Sunday, June 10, 2007

Memoria Abierta

I am currently working on a semester project, and it consists in comparing how people construct history differently, and what the construction of history entails. I have chosen to watch interviews from survivors of a certain detention center (the ESMA) from the Argentine dictatorship of the 1970s. I'm working with an organization called Memoria Abierta, that is documenting the history of the period, so far with over 500 interviews. I spent 12 hours in three days listening to four people speak, and I have a few more days to go before I am finished. It's exhausting, heart-breaking, fascinating, and question-inspiring.

Background: To make this short, between 1955-1983 there were three "golpes militares" (military overthrows of the elected government): 1955, 1962, 1976. While there was violence in each, the "Dirty War" happened in the last one. 30,000 people "disappeared" (= taken by the government and killed, the majority of the bodies never found). During the 1960s, there were many social changes as there were across the world, and the government thought the only way to suppress the activists and create order was to kill them. So they took them off of streets, out of schools, out of factories, out of their homes, brought them to concentration camps (some in the heart of Buenos Aires), tortured them and then killed them and hid/disposed of their bodies. This dictatorship lasted until 1983. (Side note: like the dictatorships in Chile, Guatemala and elsewhere, the United States actively supported it.)

I have just started really asking questions about the time period. Those who were taken would have been mid-50s now, and their children between 20-30. The history is fresh, virtually untouched, and still very painful for people here. My mom's family hid an activist in their campo house. I just found out a very good family friend was detained and was an intense activist. People's friends and families are "desaparecidos." The past week has been emotionally exhausting.

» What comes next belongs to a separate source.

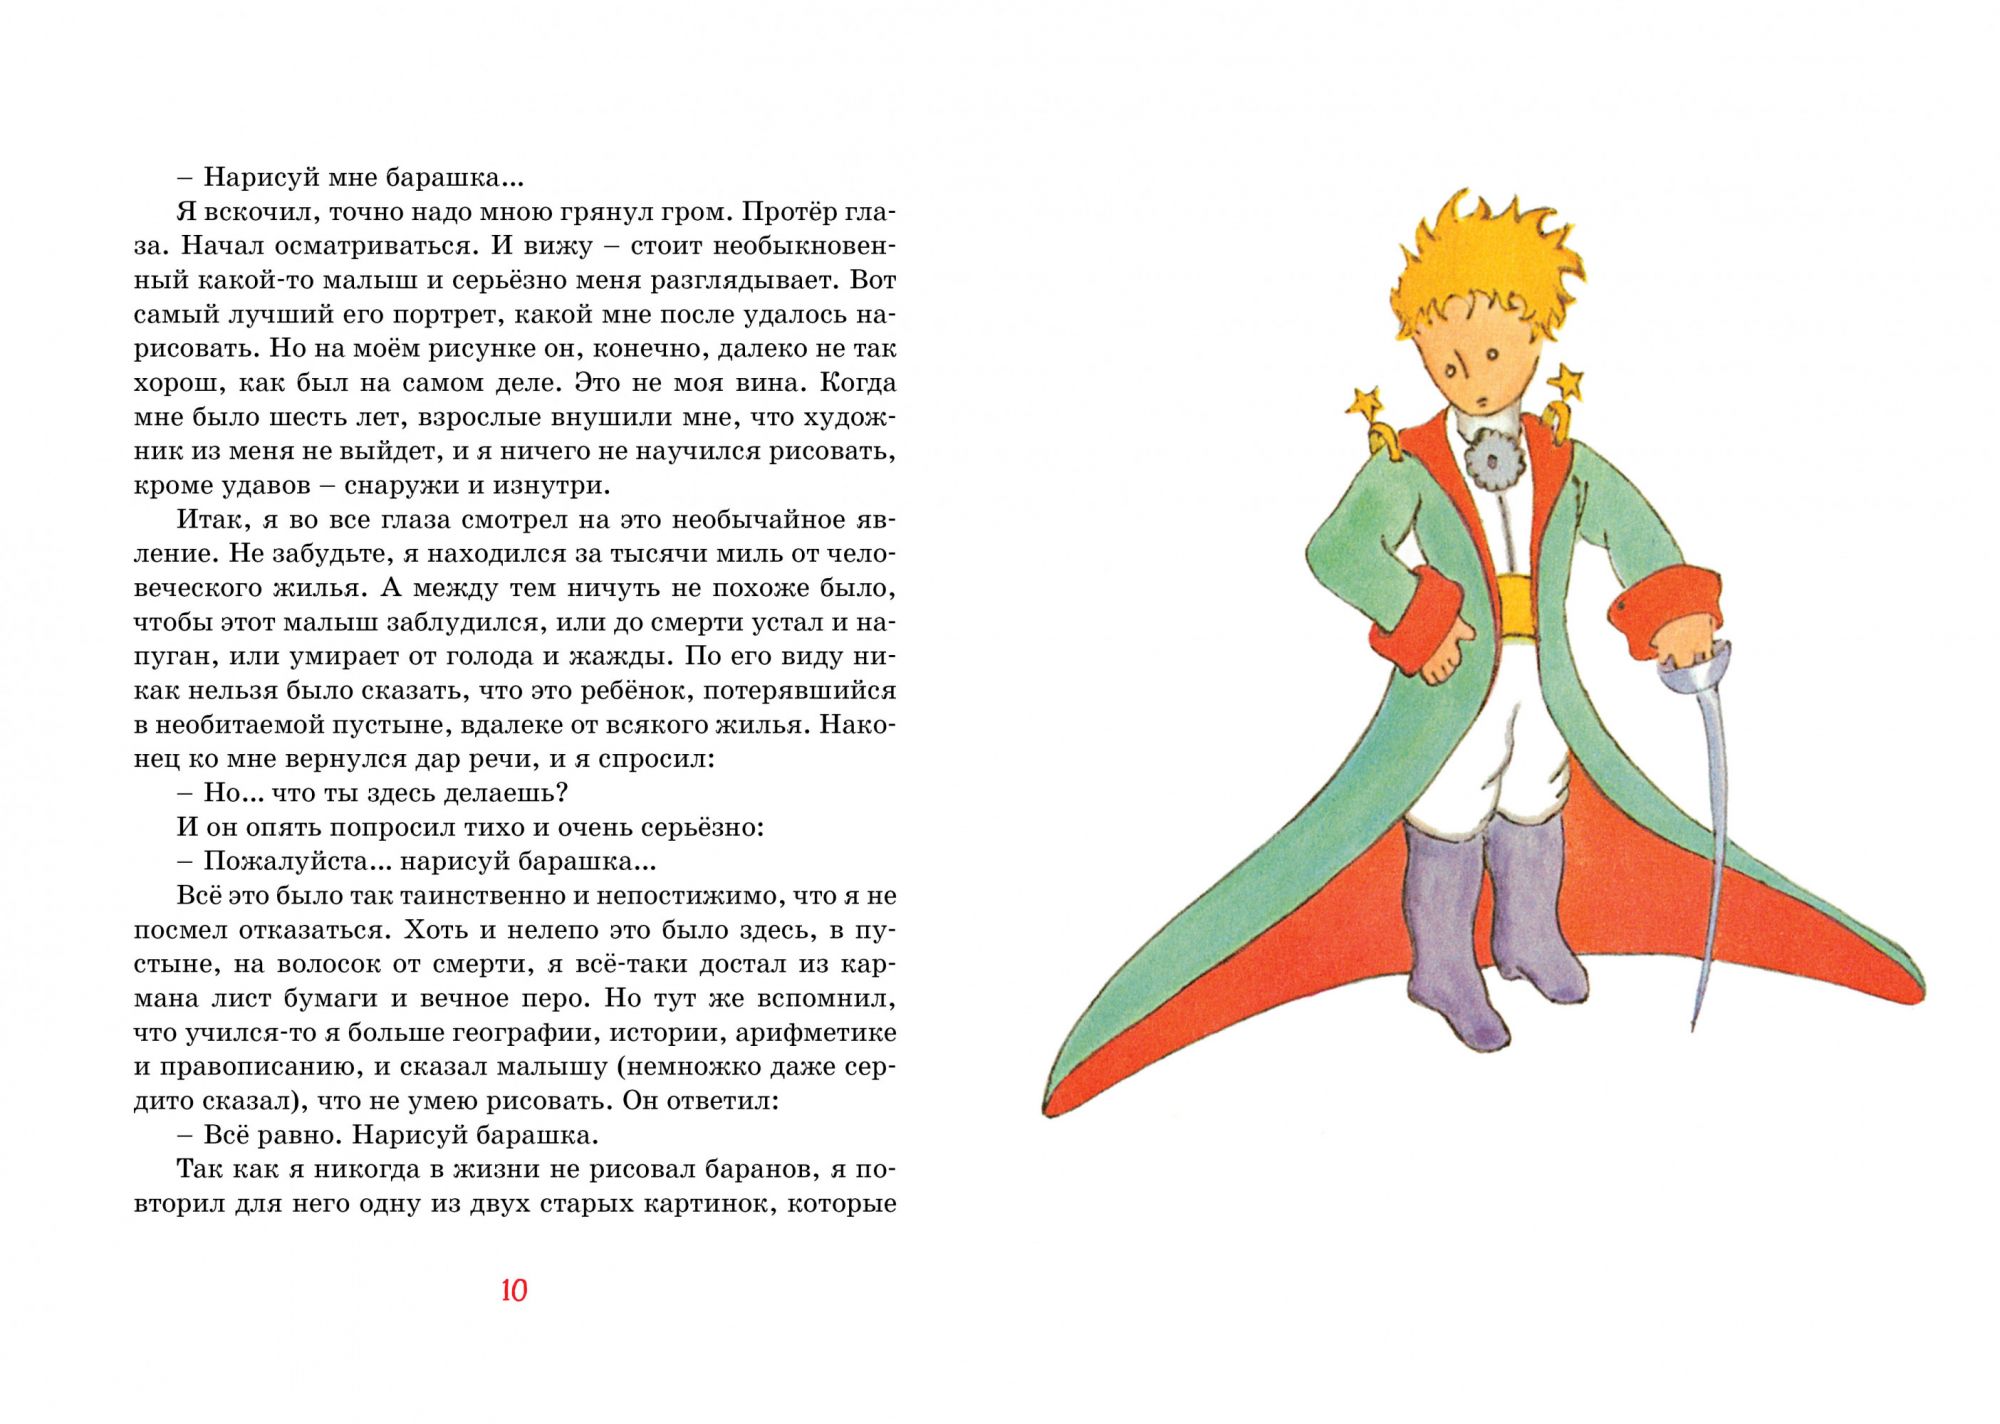 Читать про принца. Антуан де сент-Экзюпери маленький принц. Сент-Экзюпери а. "маленький принц". Сент-Экзюпери маленький принц книга. Произведение маленький принц.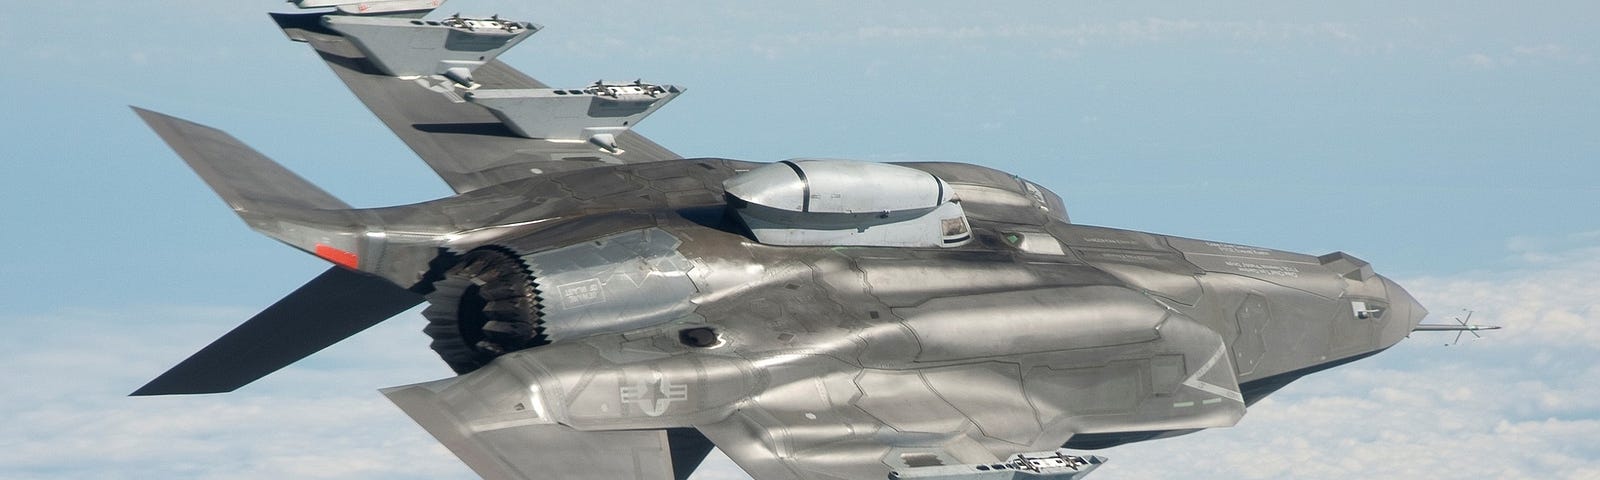 An upside down F35 jet fighter

Why am I interested? I'm sure there's an element of sheer fascination of how this could happen, but mostly... in truth, I'm still trying to figure it out. History touches me on a very deep, compassionate level. I believe in using history to recognize the worth in individuals, to work for freedom, to use it preventatively for the future... and more. So to hear that my friend was detained, to know that my extended family has friends that were disappeared, to live in this beautiful city that just recently experienced so much pain... it's intense. I think I want to know about it to try to understand how it happened, how it could happen, how people are capable of it, to understand and grab hold of the militantes' (activists) ideals of freedom and justice, to empathize with this people and culture I've fallen in love with... I don't know exactly. I'm still trying to figure it out.

If you want me to write more, or have specific questions, let me know and I'll add another entry...

For more information, google "desaparecidos," "Dirty War", go to www.memoriaabierta.org, or just search for information...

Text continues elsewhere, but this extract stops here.